B) Assuming you're using docker as you should to run your home server's service, use gluetun to connect to the VPN and route your docker traffic for the instances through gluetun. This will ensure that you have a dead man switch when/if the VPN goes down.
C) set-up a reverse proxy to access the various instance from the outside if that is something you need.
Here's a fully developed config, you can use a jumping point.
I'm guessing what you mean is setting up port forwarding in Wireguard...
The thing is ideally I would want all connections in and out of my homeserver's Docker network to go through the local Caddy proxy, so the app containers are isolated. That still means having at least the local Caddy acting as a TCP proxy, even if the VPS Caddy is bypassed. If that's too much of a hassle though I can instead just expose a port on the qBittorrent container directly to the homeserver's localhost, and forward that with wireguard to the VPS.
I'm seriously not trying to be rude here, but I went and read the rest of the thread just now. Your understanding of processes, networks and VPNs is wildly misinformed. I think you need to spend some time learning about each before you go and dismiss what everyone is telling you here, which is that you're trying to make an overcomplicated and very inefficient VPN right now.

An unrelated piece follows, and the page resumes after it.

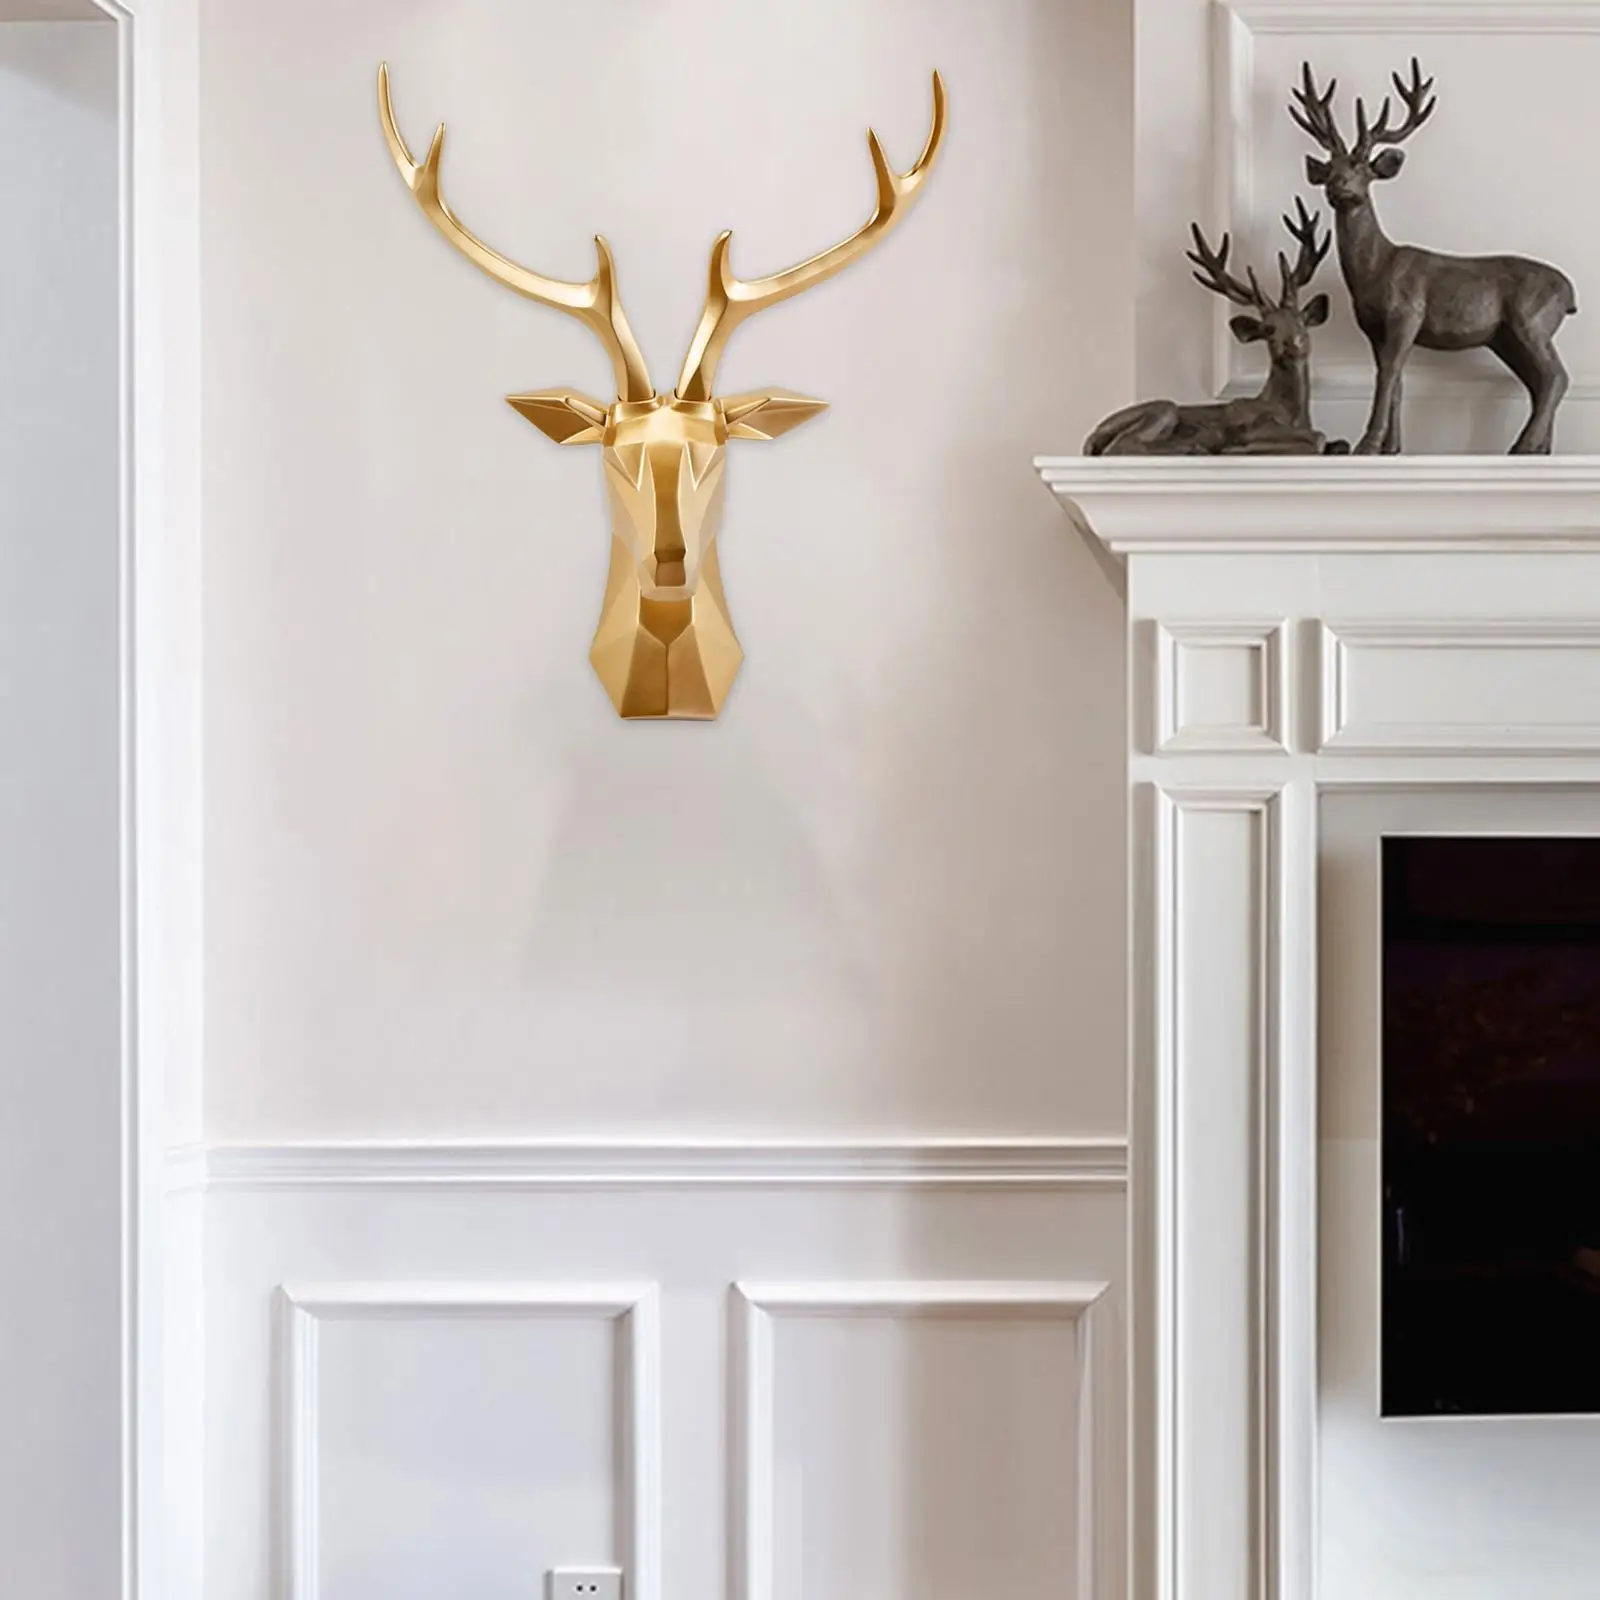 3 Head Decorative -Elegant Wall Sculpture Decor -Farmhouse Decor -Geometry Deer Antlers Gallery Wall
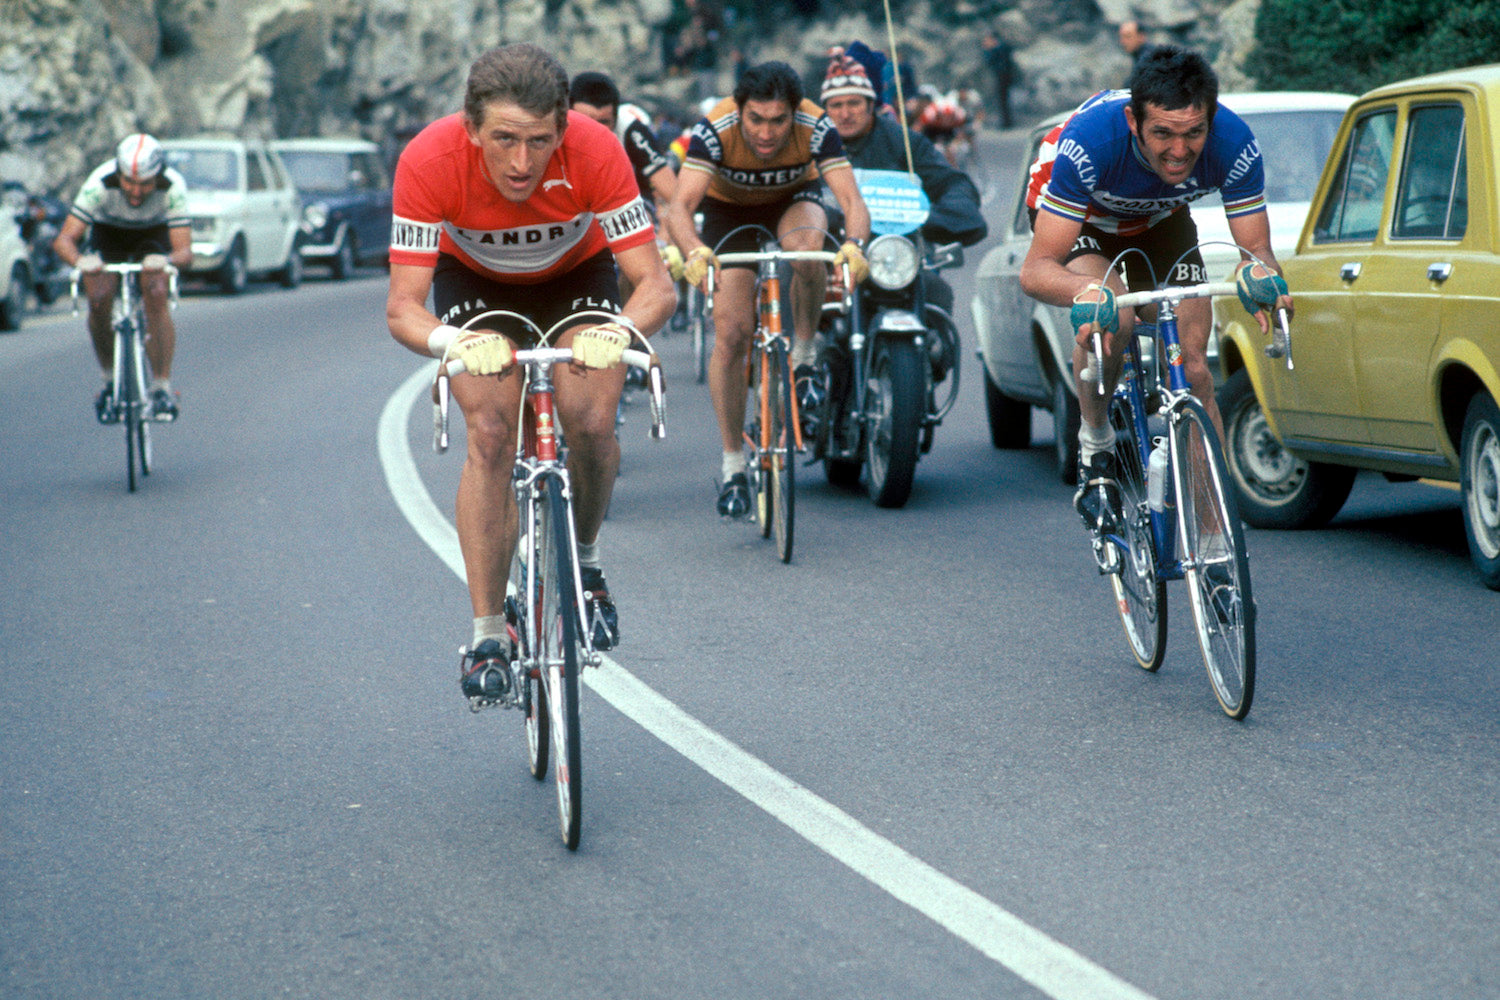 Roger De Vlaeminck, Freddy Maertens and Eddy Merckx at the 1976 edition of Milan San Remo. Photo credits: Offside / L'Equipe.

Running a torrent client through a proxy doesn't isolated a process. Especially not when you're pushing the traffic through a local proxy. You also don't need to forward any ports.
Connect to the VPN, make sure your traffic is routing there properly, and you're done. OR, you really want a proxy, you setup a proxy. You don't need both, and neither gains you any security. If you're concerned about process isolation, that's a whole other thing you should read up on.